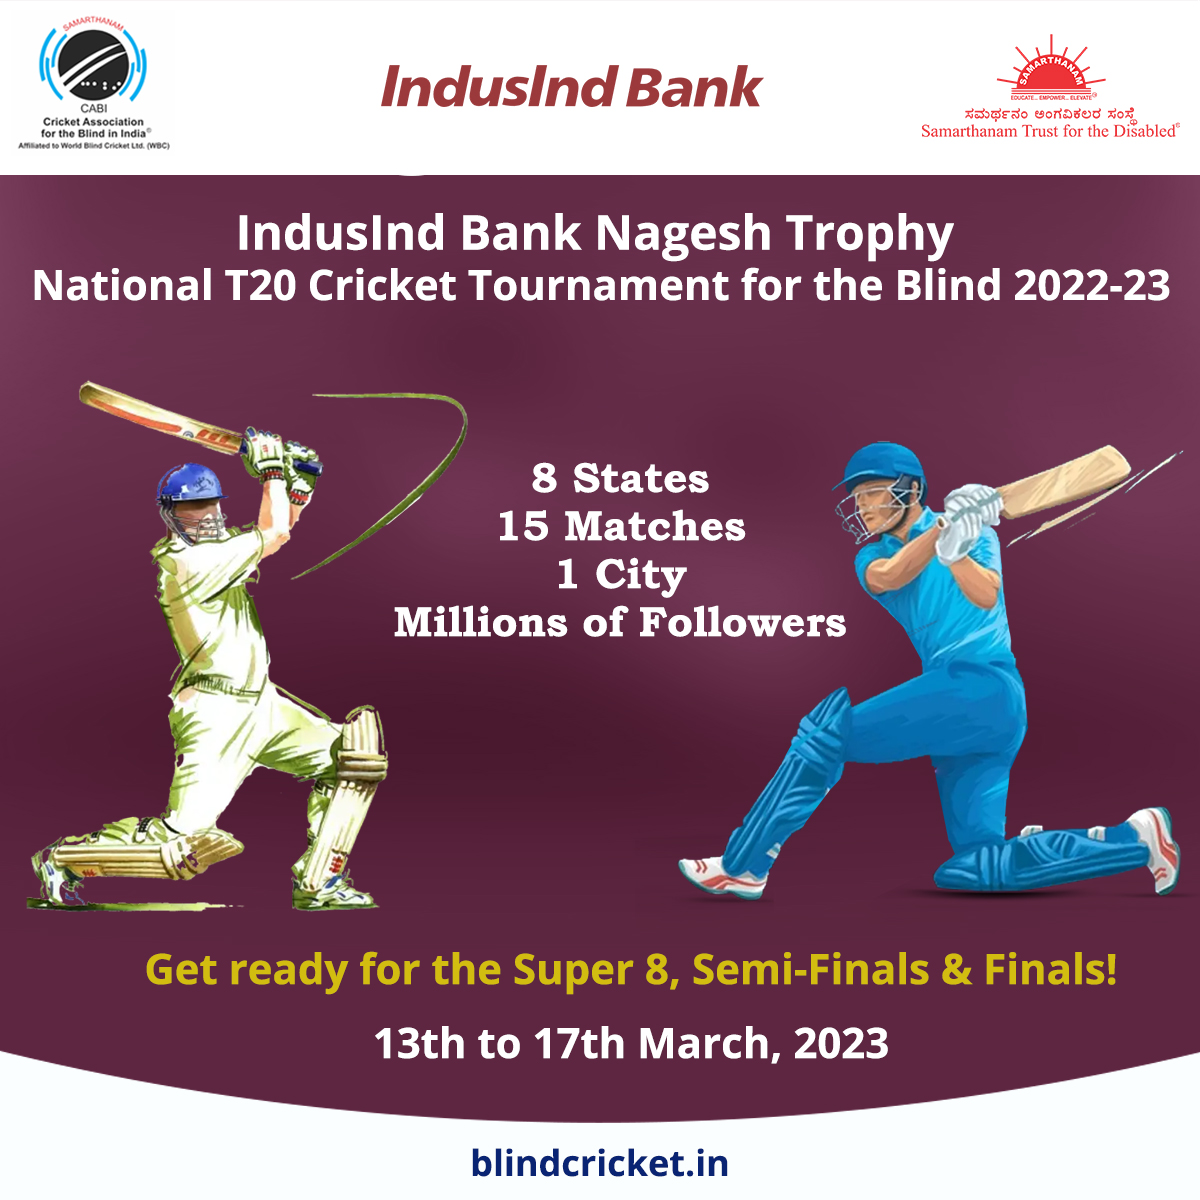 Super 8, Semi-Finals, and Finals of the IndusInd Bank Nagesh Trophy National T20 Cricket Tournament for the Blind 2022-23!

==

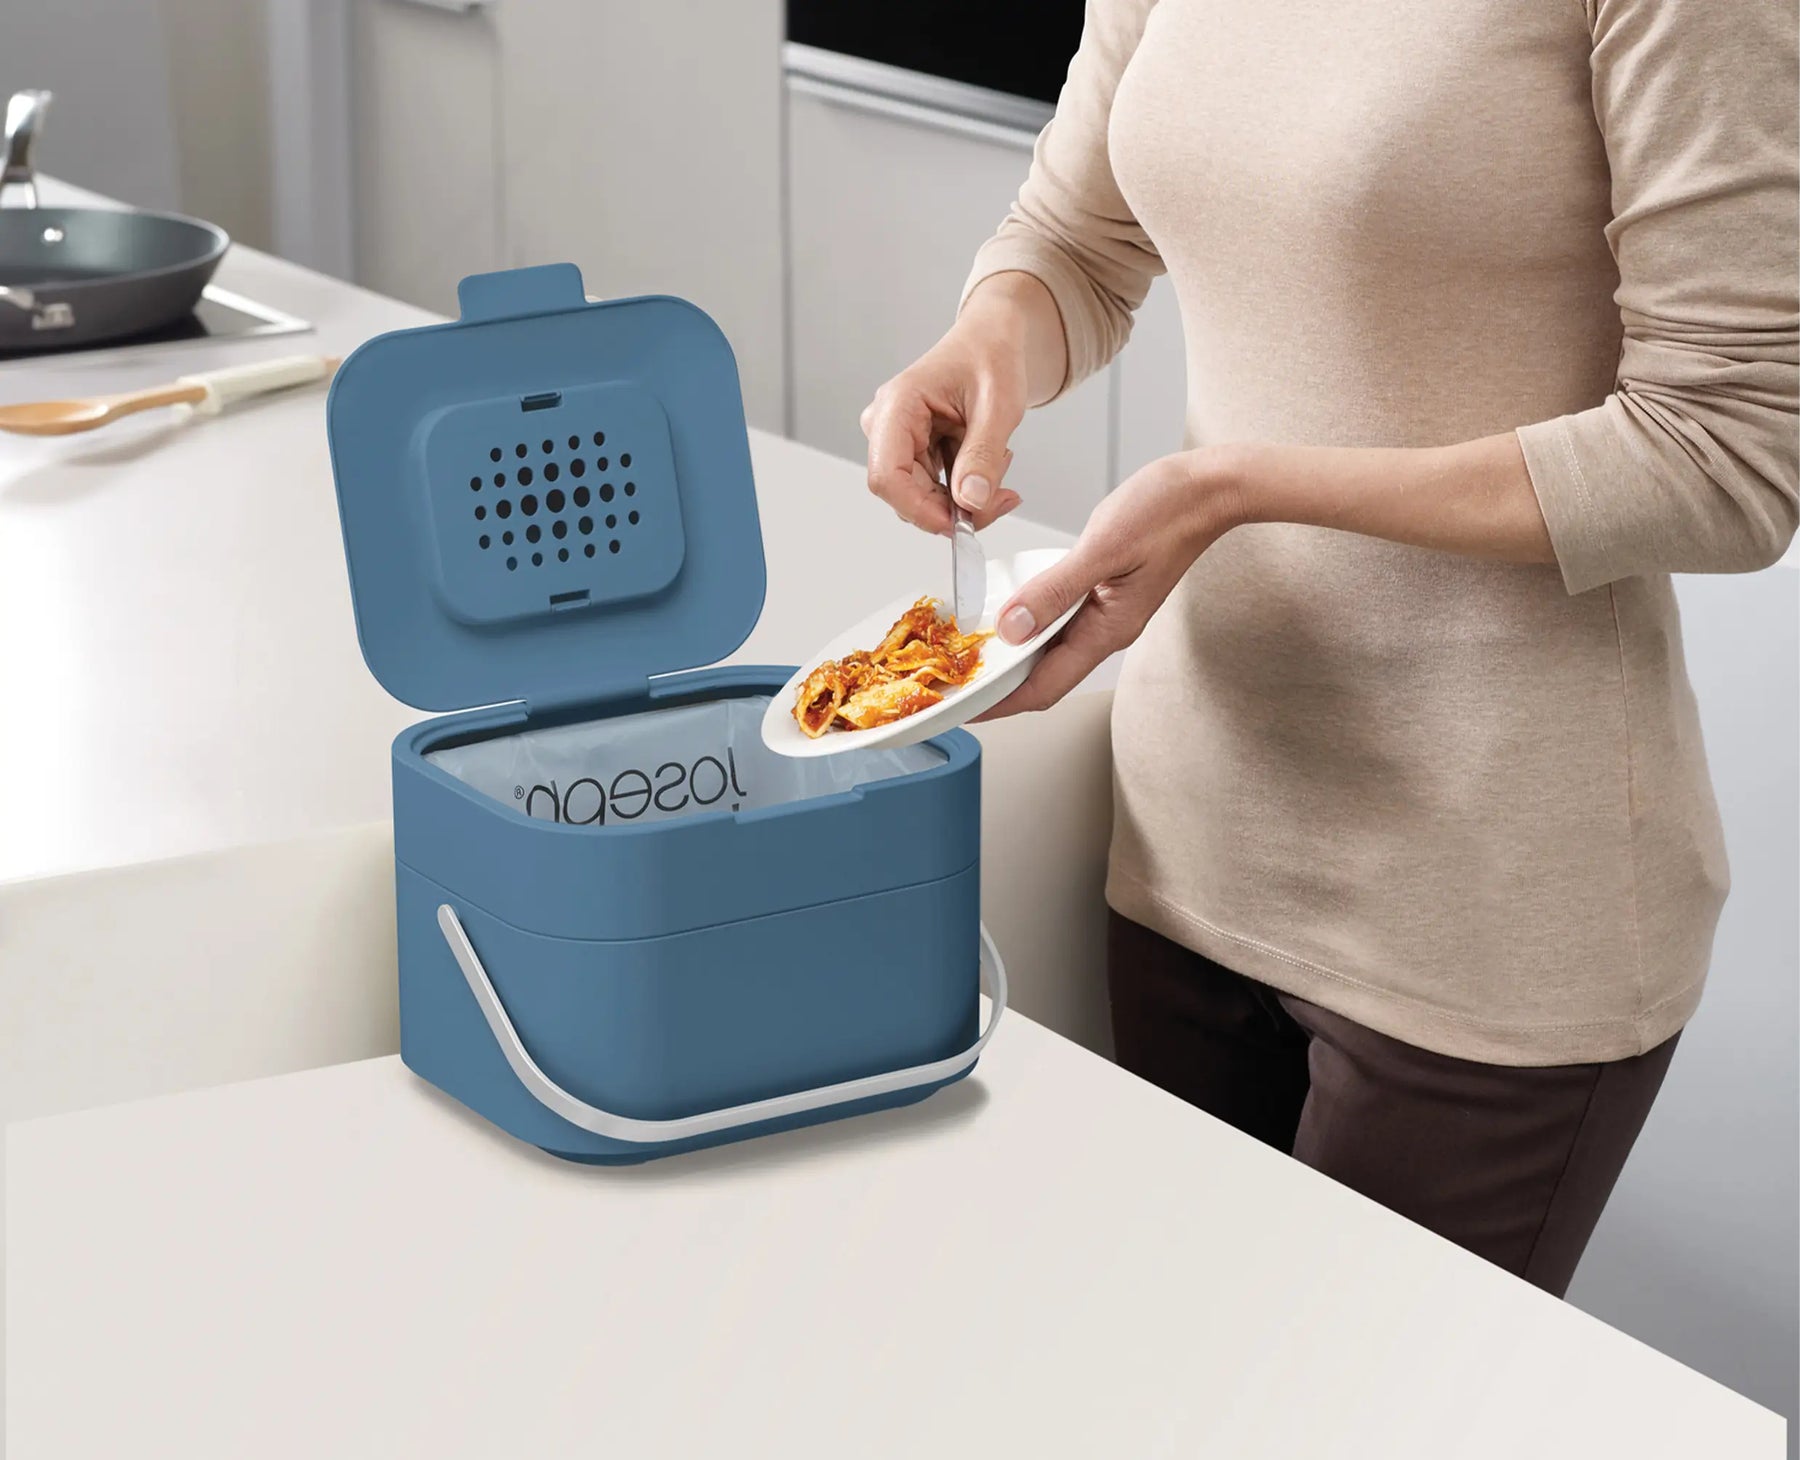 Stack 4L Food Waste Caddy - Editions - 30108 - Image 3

--

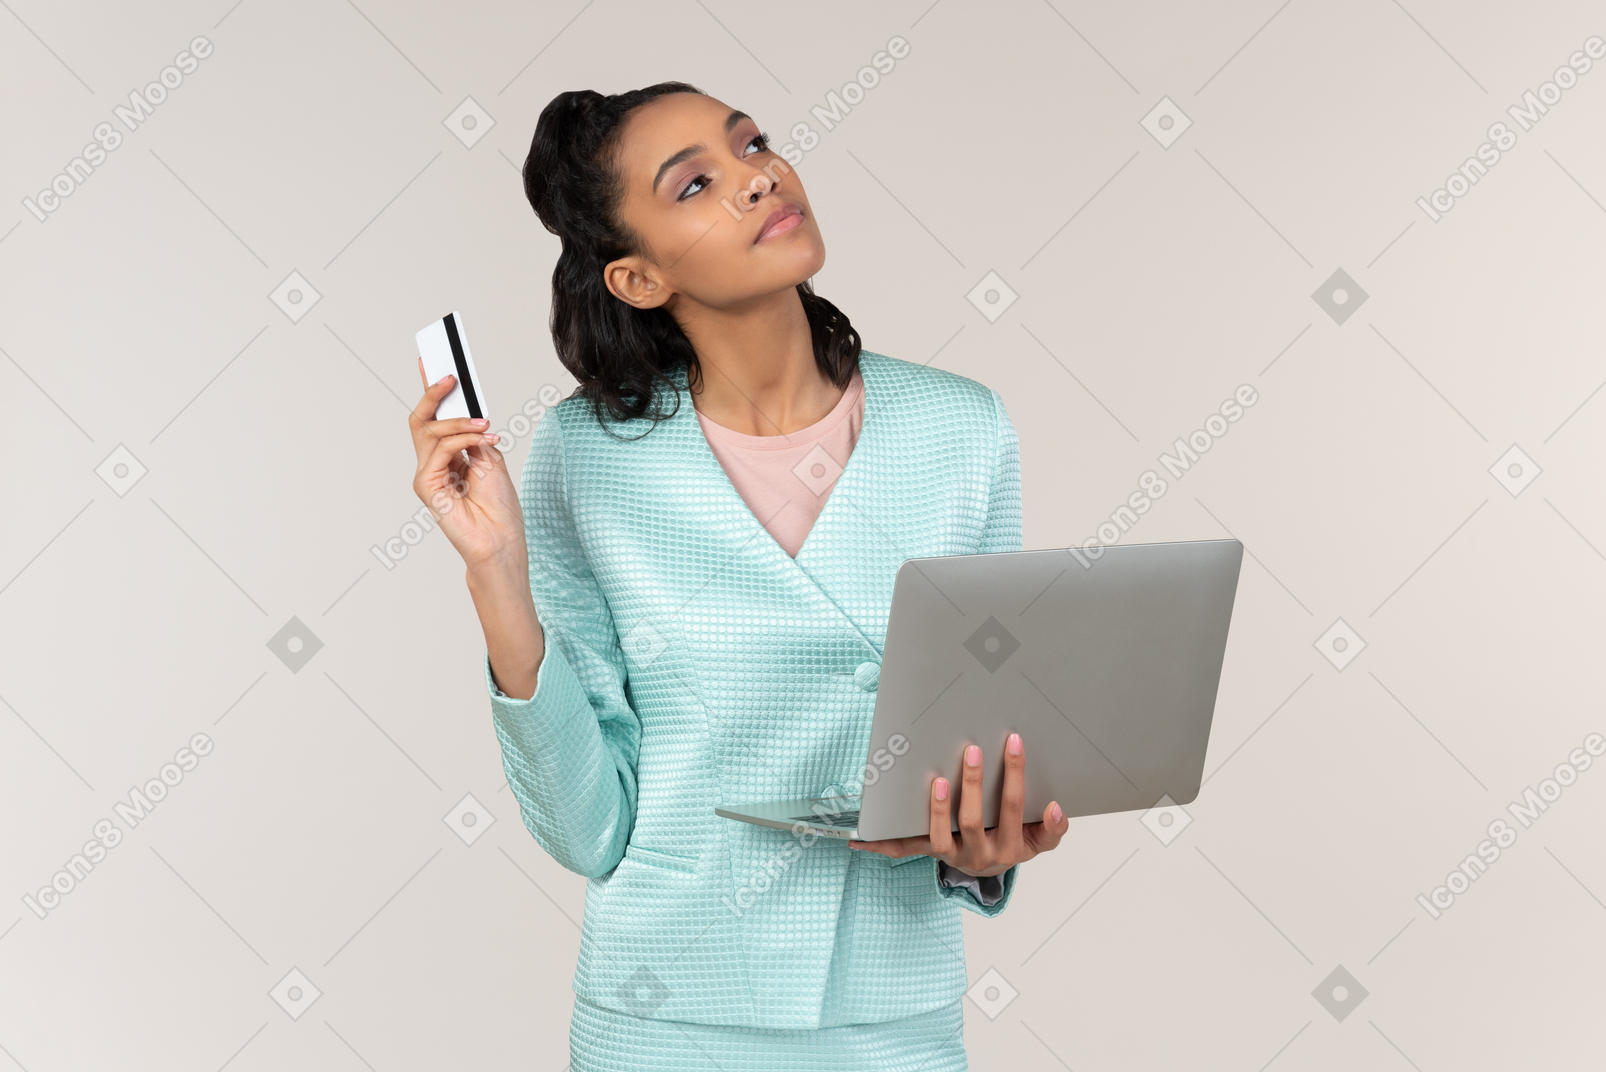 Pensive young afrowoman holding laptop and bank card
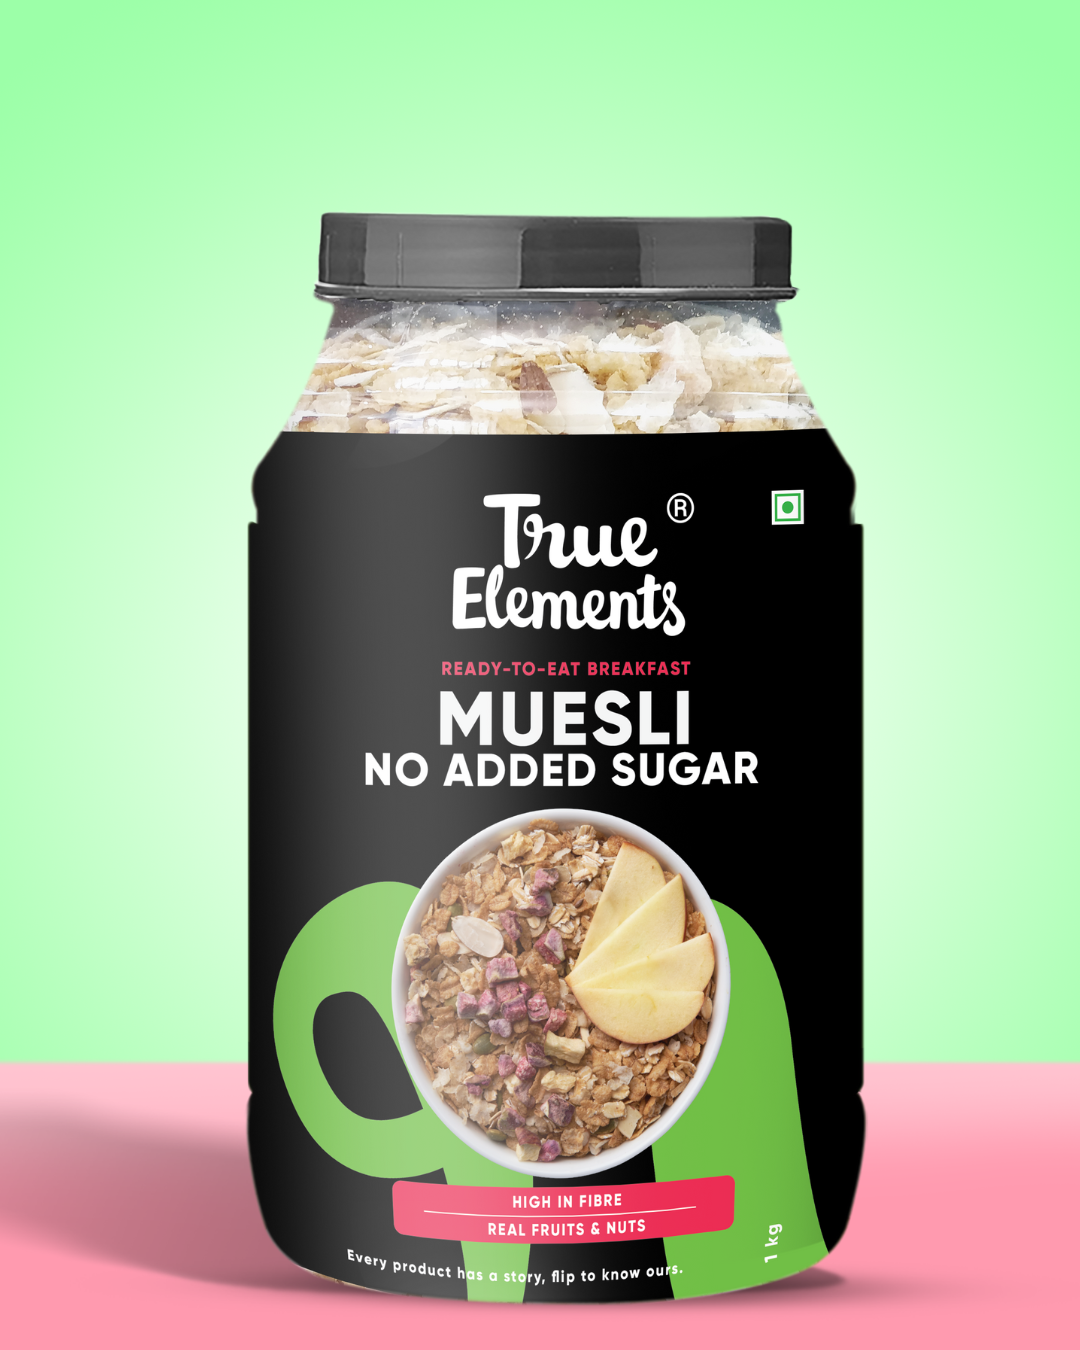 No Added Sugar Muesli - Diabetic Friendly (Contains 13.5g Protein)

**TASK DIRECTIONS**
Only one stretch of the listing is wanted: the lines starting at the one with "Pensive young afrowoman" and ending at the one with "No Added Sugar", copied exactly and free of pictures.

**RESPONSE**
 Pensive young afrowoman holding laptop and bank card
 No Added Sugar Muesli - Diabetic Friendly (Contains 13.5g Protein)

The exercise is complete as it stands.